# K2500 rear springs on my K1500??



## RAW Details (Jan 15, 2009)

I have a 95 rcsb z71 that snapped a rear leaf spring so I want to know if I can put 3/4ton springs back there. Tryed searching but couldnt find a fast answer. Thanks in advance!


----------



## MikeRi24 (Dec 21, 2007)

RAW Details;1314258 said:


> I have a 95 rcsb z71 that snapped a rear leaf spring so I want to know if I can put 3/4ton springs back there. Tryed searching but couldnt find a fast answer. Thanks in advance!


what exactly are you trying to achieve by putting 3/4 springs in there? if you're just trying to increase your payload capacity to make your 1/2 ton do the work of a 3/4 ton, buy a 3/4 ton truck. Theres a lot more that goes into making a 3/4 ton truck than just spring. But I'm sure you already know that.  If you just want level the back end out a little with a load back there, then why not just do an add-a-leaf kit? or, even better, go with a set of airbags. That way you can adjust them with the load and when you dont have a load, you'll have your nice smooth factory ride. I know you're already taking things apart to replace that broken spring, but I think you're REALLY going to be surprised at how harsh and stiff of a ride you're going to get by putting 3/4 leafs in a 1/2 ton.


----------



## RAW Details (Jan 15, 2009)

im not trying to make a 2500 outta the truck just trying to get a bit of lift outta it and have a matching set of new leafs all together.


----------



## sweetk30 (Sep 3, 2006)

88-up trucks use 64" eye to eye leaf packs.

if you broke the leaf at the eye thats a super comon problem with factory leafs.

and using 3/4 ton leafs will get you a little more weight but not like the older trucks back in the day. and also the lift hight prob wont change much.

and with the 64" spec leafs gm uses the ride wont change as much compared to older rigs or some newer with lots of leafs. as the length make it ride real soft. but as said dont be surprised if its harder.

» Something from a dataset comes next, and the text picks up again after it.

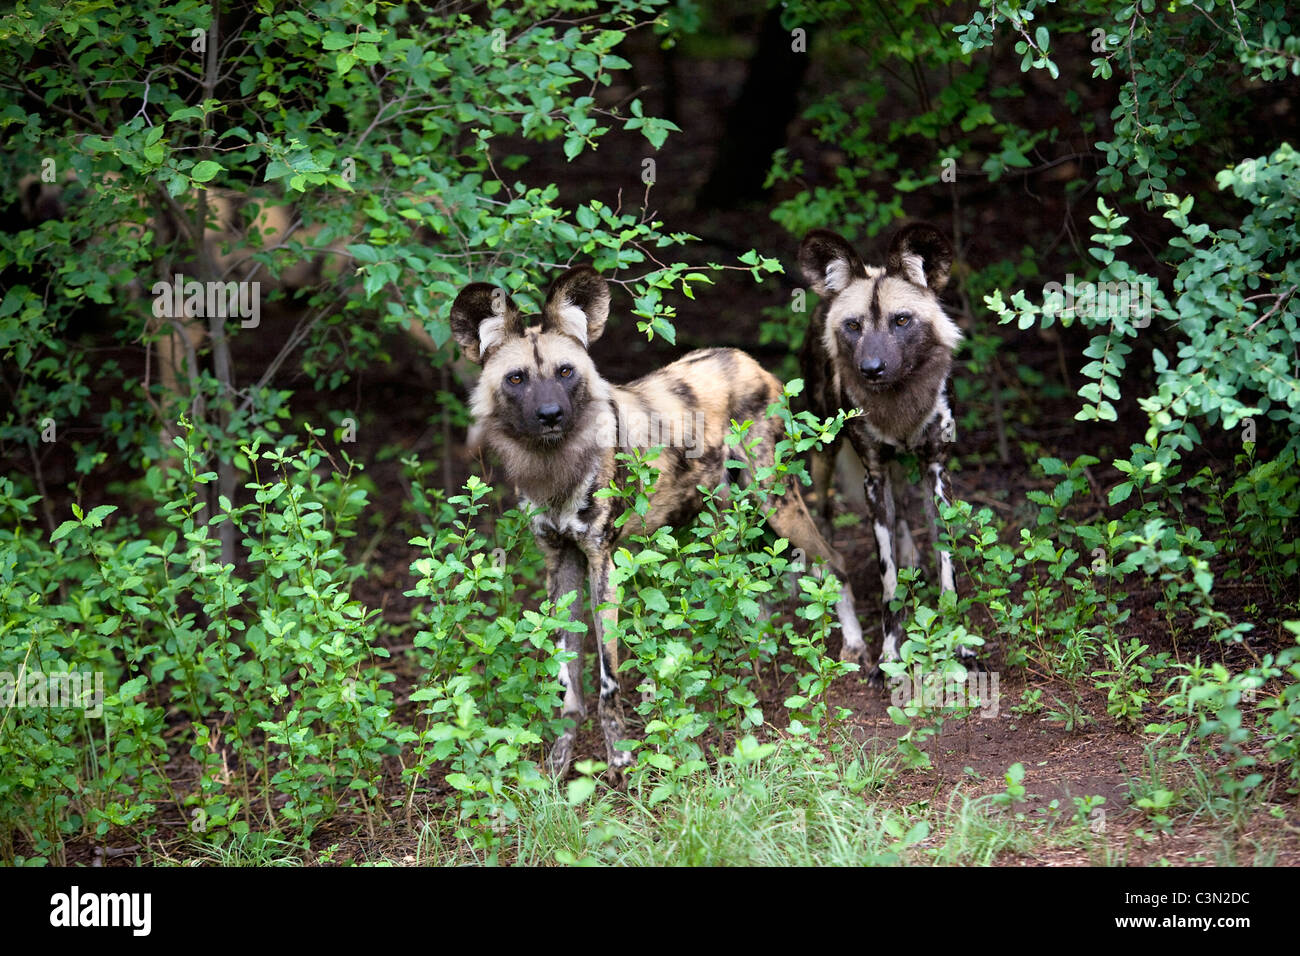 Sud Africa, Pretoria. Due Paesi africani cane selvatico, dipinse anche cane da caccia, Lycaon pictus. Cattività. Foto Stock

if you wana look around at weight specs and other info look here. http://www.stengelbros.com/ i use them for lots of info mostly when comparing leaf and coil springs.


----------



## mule585 (Oct 24, 2010)

Yes you can put the 2500 springs in the 1500. I had the same issue with a broken leaf and put the 3/4 ton in my 1500 it did lift the back end but that may have been because the old ones were so worn out. The ride quality really didn't change.


----------



## 70monte (Feb 5, 2008)

There are also some 1/2 tons that came with the 14 bolt semi floater rear end and five leaf springs instead of the four on the 1/2 ton. I think the code for this setup is F44. They are sometimes hard to find though.

Wayne


----------



## great white (Dec 24, 2009)

Whew, that's a lot of talking for a simple answer:

yes.


----------